Search code examples
pythonforkcounterpython-multiprocessingpython-collections

return counter object in multiprocessing / map function


I have an python script running, that starts the same function in multiple threads. The functions creates and process 2 counters (c1 and c2). The result of all c1 counters from the forked processes should be merged together. Same to the results of all the c2 counters, returned by the different forks.

My (pseudo)-code looks like that:

def countIt(cfg)
   c1 = Counter
   c2 = Counter
   #do some things and fill the counters by counting words in an text, like
   #c1= Counter({'apple': 3, 'banana': 0})
   #c2= Counter({'blue': 3, 'green': 0})    

   return c1, c2

if __name__ == '__main__':
        cP1 = Counter()
        cP2 = Counter()
        cfg = "myConfig"
        p = multiprocessing.Pool(4)  #creating 4 forks
        c1, c2 = p.map(countIt,cfg)[:2]
        # 1.) This will only work with [:2] which seams to be no good idea
        # 2.) at this point c1 and c2 are lists, not a counter anymore,
        # so the following will not work:
        cP1 + c1
        cP2 + c2

Following the example above, I need a result like: cP1 = Counter({'apple': 25, 'banana': 247, 'orange': 24}) cP2 = Counter({'red': 11, 'blue': 56, 'green': 3})

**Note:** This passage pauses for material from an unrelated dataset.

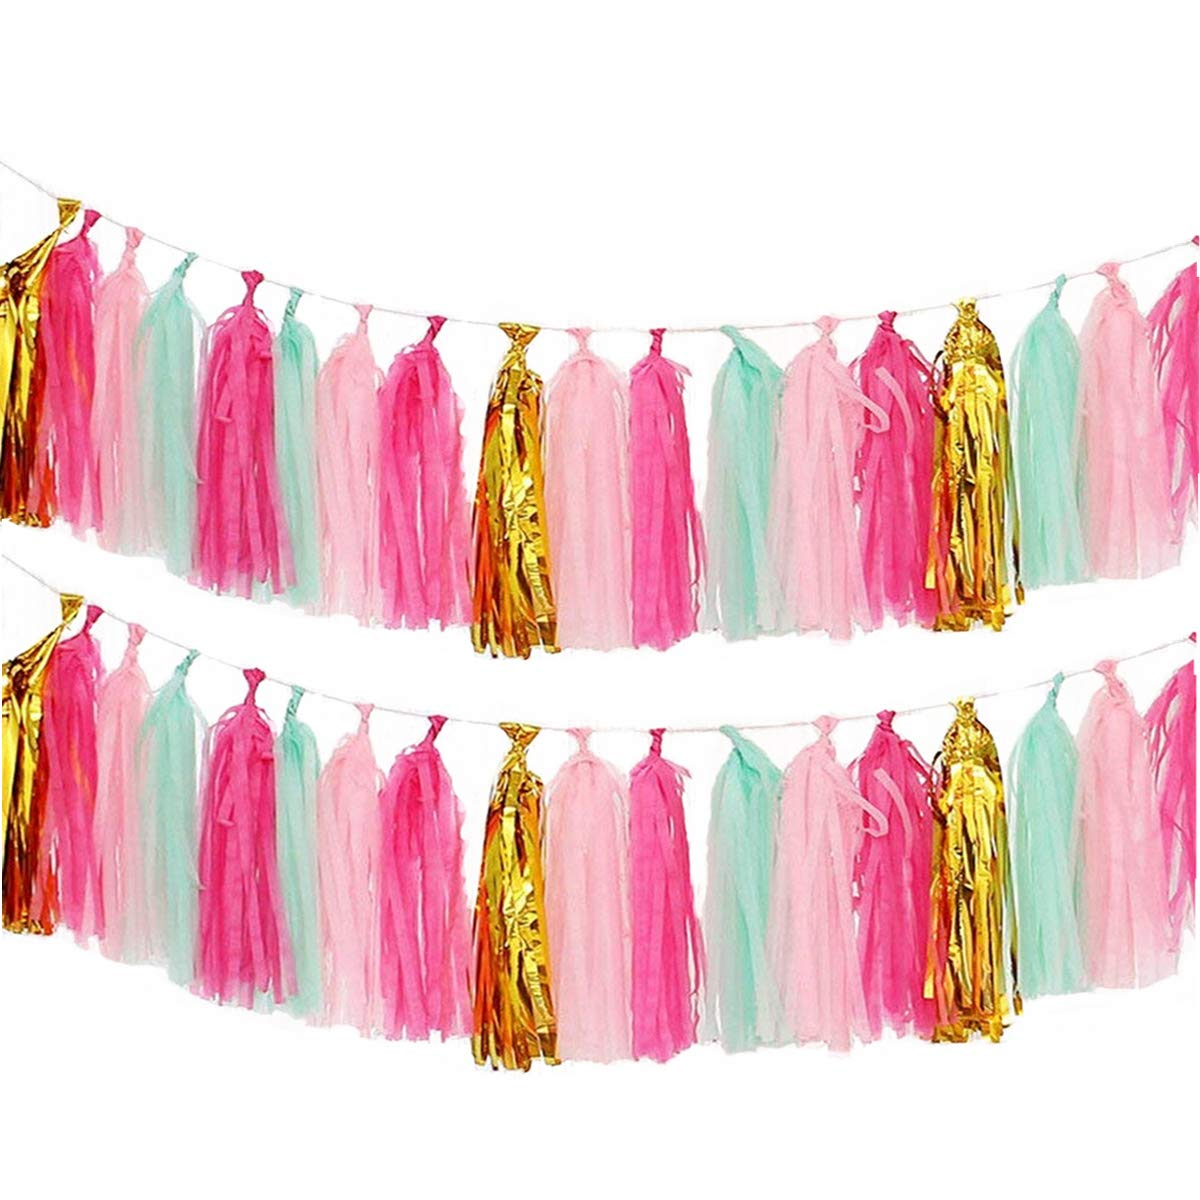 Derhom Tissue Paper Tassel Garland - 20pcs Tassels per Package - 12 inch Long Tassels (Gold/Pink) Derhom-002
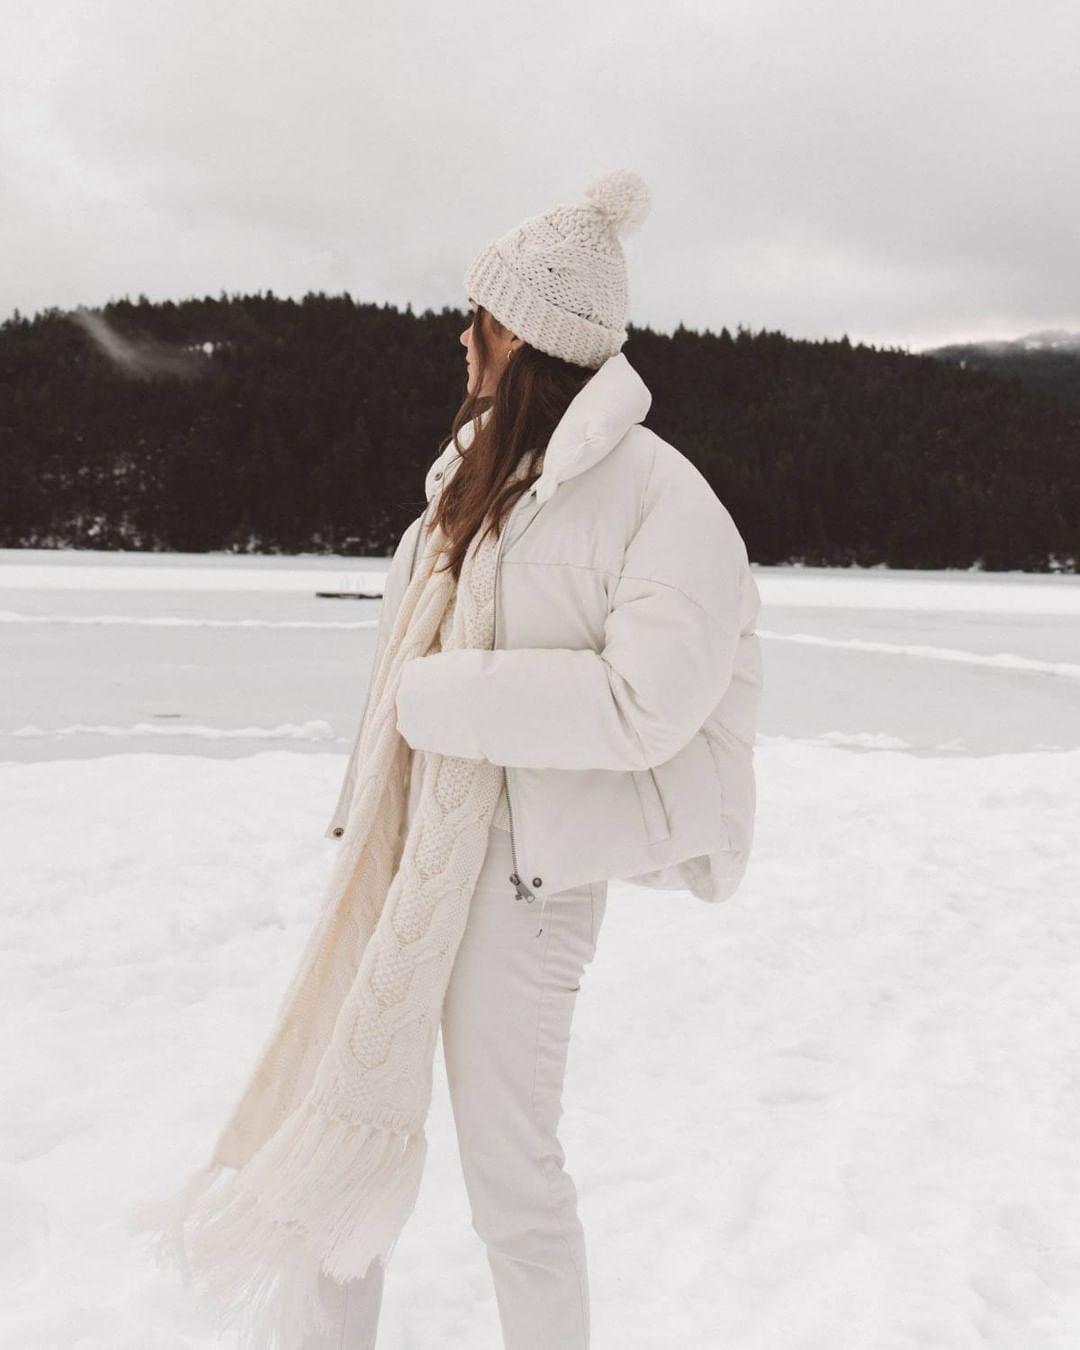 Winter White Ski Trip Outfit Ski Trip Outfit Puffer Jackets Warm Outerwear [ 1350 x 1080 Pixel ]

So my question: how can I count things insight a forked process in order to aggregate each counter (all c1 and all c2) in the parent process?


Solution

  • You need to "unzip" your result by using for example a for-each loop. You will receive a list of tuples where each tuple is a pair of counters: (c1, c2).
    With your current solution you actually mix them up. You assigned [(c1a, c2a), (c1b, c2b)] to c1, c2 meaning that c1 contains (c1a, c2a) and c2 contains (c1b, c2b).

    Try this:

    if __name__ == '__main__':
            from contextlib import closing
    
            cP1 = Counter()
            cP2 = Counter()
    
            # I hope you have an actual list of configs here, otherwise map will
            # will call `countIt` with the single characters of the string 'myConfig'
            cfg = "myConfig"
    
            # `contextlib.closing` makes sure the pool is closed after we're done.
            # In python3, Pool is itself a contextmanager and you don't need to
            # surround it with `closing` in order to be able to use it in the `with`
            # construct.
            # This approach, however, is compatible with both python2 and python3.
            with closing(multiprocessing.Pool(4)) as p:
                # Just counting, no need to order the results.
                # This might actually be a bit faster.
                for c1, c2 in p.imap_unordered(countIt, cfg):
                    cP1 += c1
                    cP2 += c2